Ольга Ларионова - Сон в летний день
Немудрено, что у бедного БИМа мгновенно выработался истерический синдром боязни бездействия.
Больше всего на свете он боялся проморгать какую-то беду, потому что бдительность стояла на самой вершине иерархической лестницы его забот и обязанностей.
Только бы не прохлопать, только бы не упустить, только бы успеть вмешаться!!!
Да от такого напряжения любая машина спятит.
— Ну, теперь все ясно, — сказал Стефан. — Разумеется, если уж БИМ не мог совсем убрать людей с Камарги, то он нашел наилучший вариант их безопасного пребывания здесь: сон.
— С машинной точки зрения, — добавил Темир.
«А что вы можете возразить? — донеслось из динамика. — БИМ невольно подслушал последние реплики и просто НЕ МОГ оставаться в бездействии, если закрадывалось подозрение, что предложенный им вариант не оптимален».
— Ты что, намерен теперь соваться во все наши разговоры в силу своего Первого Закона? — хмыкнул командир. — Потерпишь. Мы выскажем свое мнение, когда сочтем нужным.
«Но кто это — мы?» — голос БИМа снова сорвался на визг.
— Три поросенка! — злорадно сказал Рычин и выключил связь.
— Насколько я понимаю, объявляется производственное совещание номер два, — констатировал Темир.
Рычин устало кивнул:
— Снова ставлю тот же вопрос: считает ли экипаж возможным вернуться на Базу со всеми дополнительными сведеньями и передать решение проблемы более компетентной группе… Ах, экипаж этого не считает! Я и не сомневался. Но вот проблема: если мы «разбудим» команду «Трех богатырей», то есть самих себя, то этот припадочный, то есть, извините, Большой Интеграционный тут же потребует нас под свою опеку. Это мы уже проходили. Если же вести переговоры корабельной «считалкой», то БИМ ее просто проигнорирует в силу своей иерархической машинной амбиции. С этим мы тоже столкнулись. Что же нам остается? Кто способен вести переговоры с этим железным болваном?
— Ты сам сказал, — отозвался Темир. — Три поросенка.
— Три поросенка, в переводе на машинный — три икс.

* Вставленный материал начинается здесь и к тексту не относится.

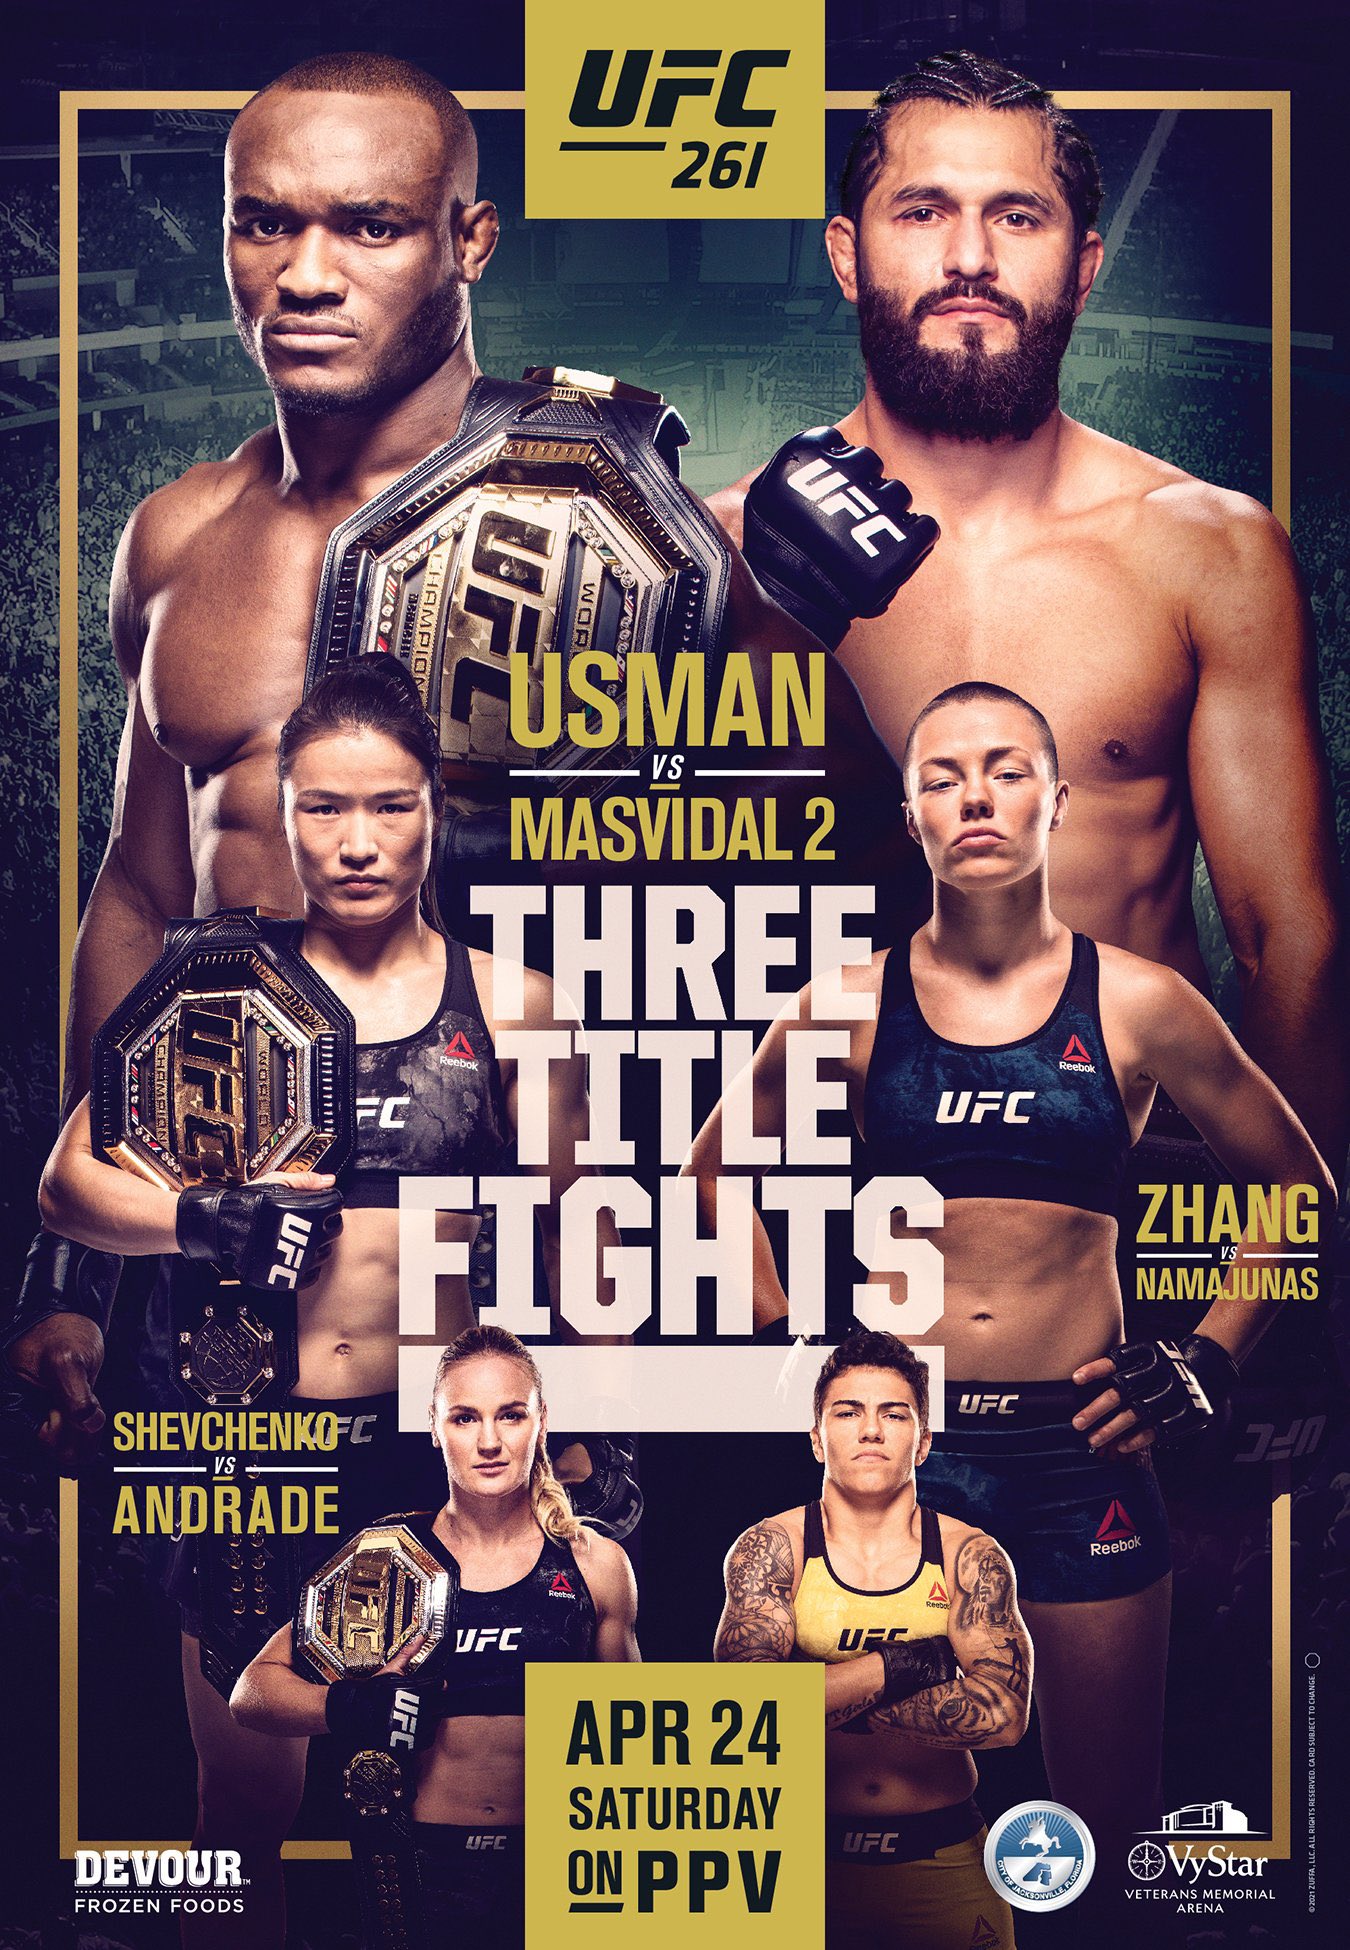 UFC 261 - Jacksonville - Poster et affiche

Предположим, на борту имеются разумные существа, не гуманоиды и уж никак не антропоиды. Статус их БИМу не известен. Но не исключено, что космическое правило приравнивает их к людям. Весь фокус в том, что это должно оставаться для БИМа загадкой. Пусть мается.

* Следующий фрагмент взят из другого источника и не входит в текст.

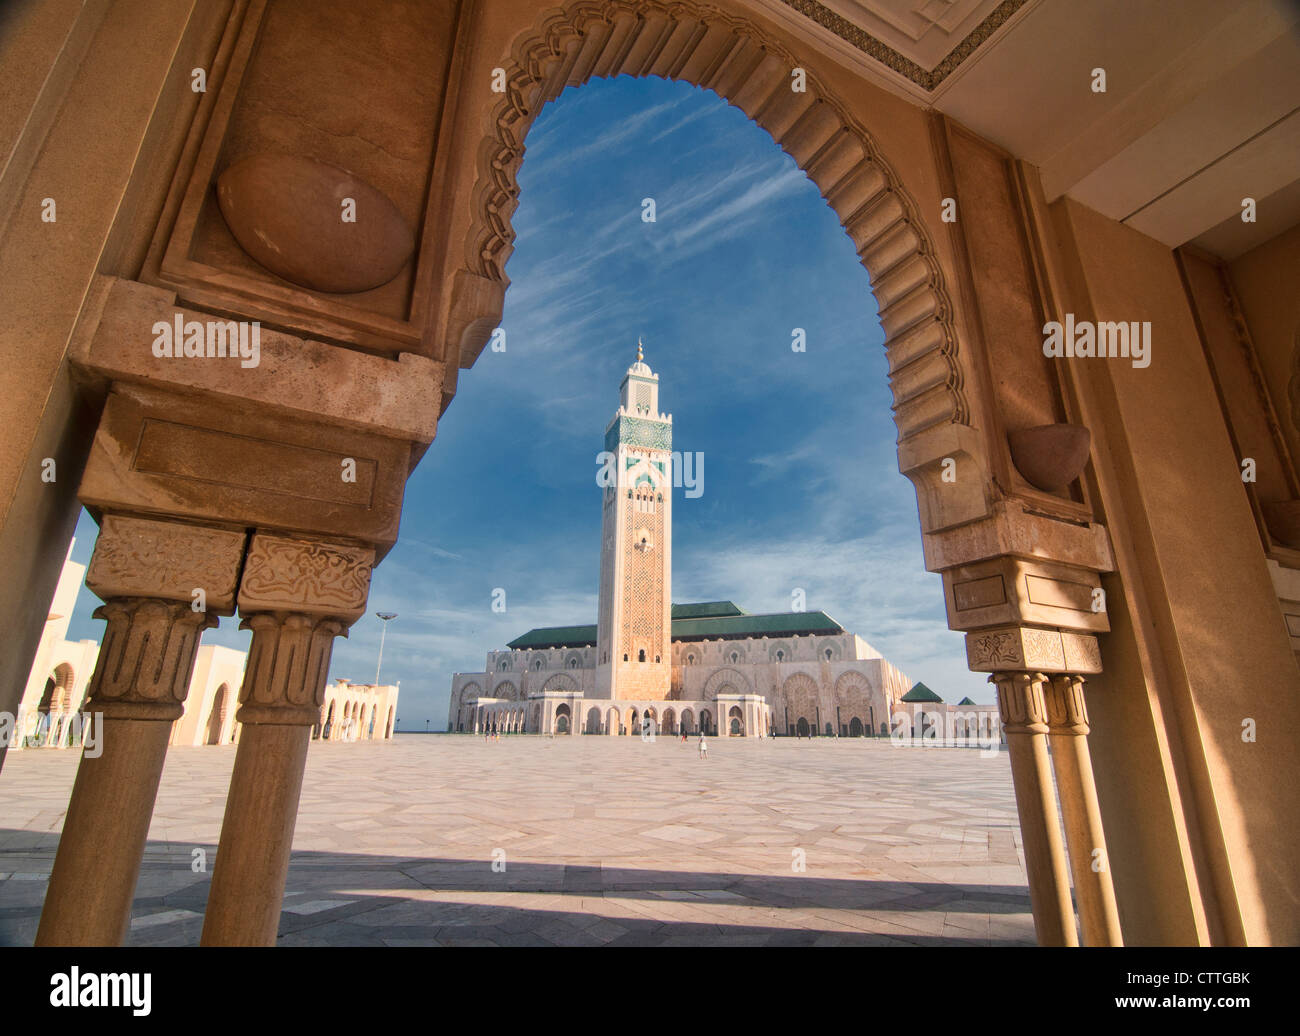 La magnifique Mosquée Hassan II à Casablanca, Maroc Banque D'Images

Стефан от восторга даже засвистел, но Рычин зыркнул на него черным глазом — свист на борту был плохой приметой: обязательно энергобак потечет.

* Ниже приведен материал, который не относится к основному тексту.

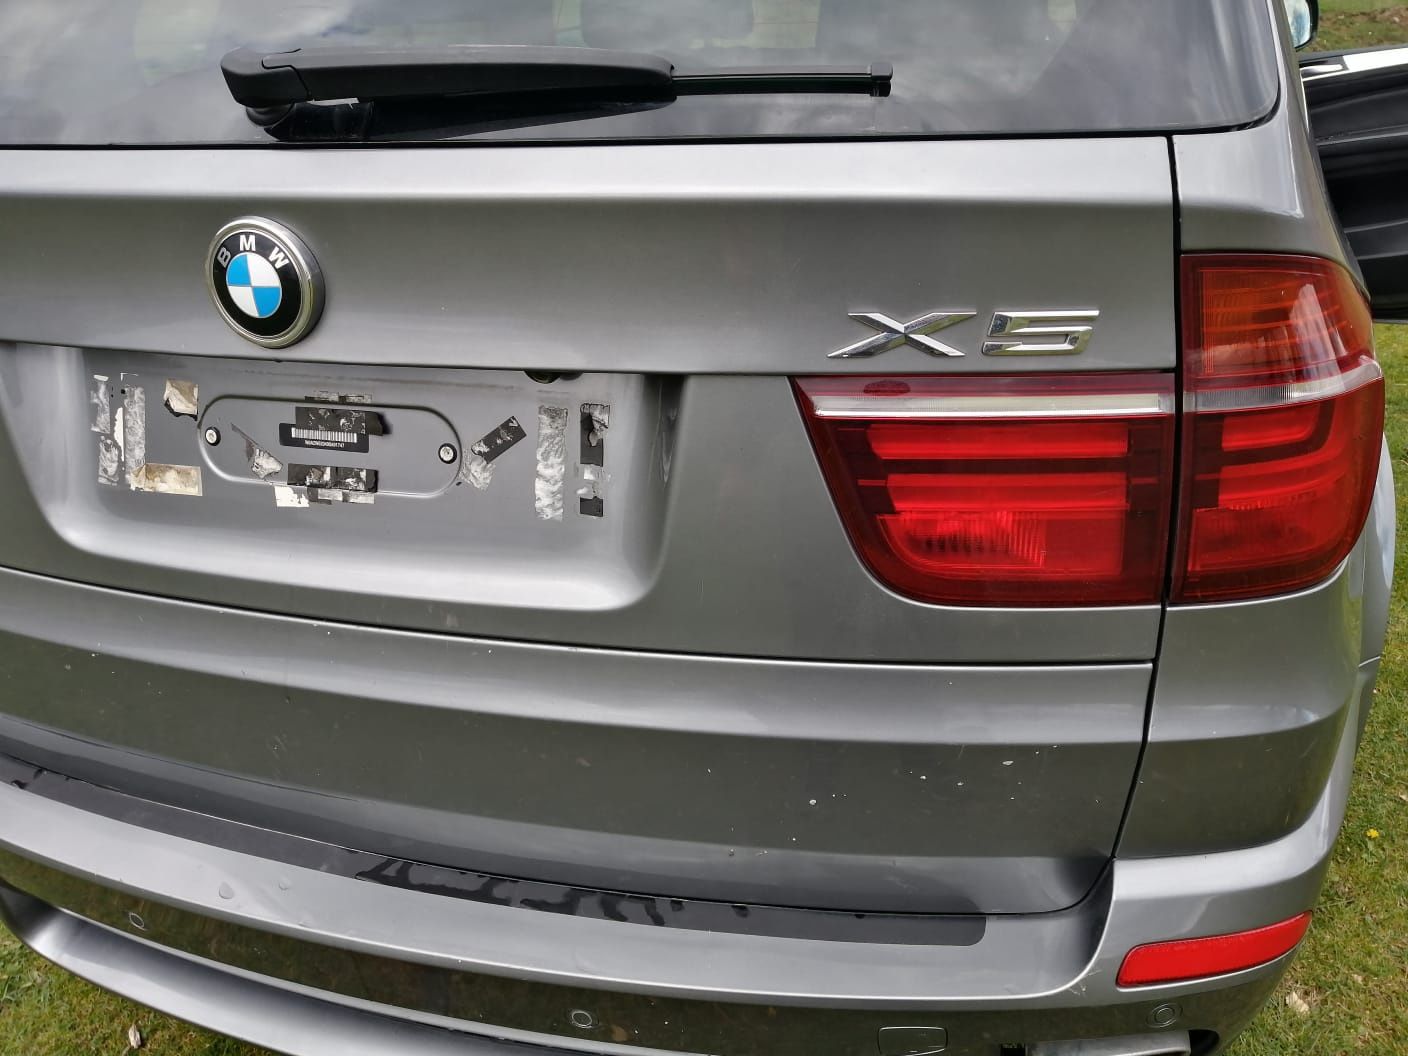 Piese BMW X5 3.0 4x4 an 2010-2014 euro 5

Мысль была превосходна: подавить сопротивление БИМа неразрешимостью загадки, кем же являются его противники.
— Валяй, — кивнул Рычин Темиру. — Но только чуть почувствуешь, что почва уходит из-под ног, сразу же отключайся. Тут главное, чтобы он снова не захватил инициативу. Подави его свинством.
Темир улыбнулся, что вообще бывало с ним редко. Действительно, позиции рычинцев неизмеримо окрепли, — во-первых, оттого, что было куда отступать, а во-вторых, в силу своей зыбкости и неопределенности. Уж так бывает на других планетах!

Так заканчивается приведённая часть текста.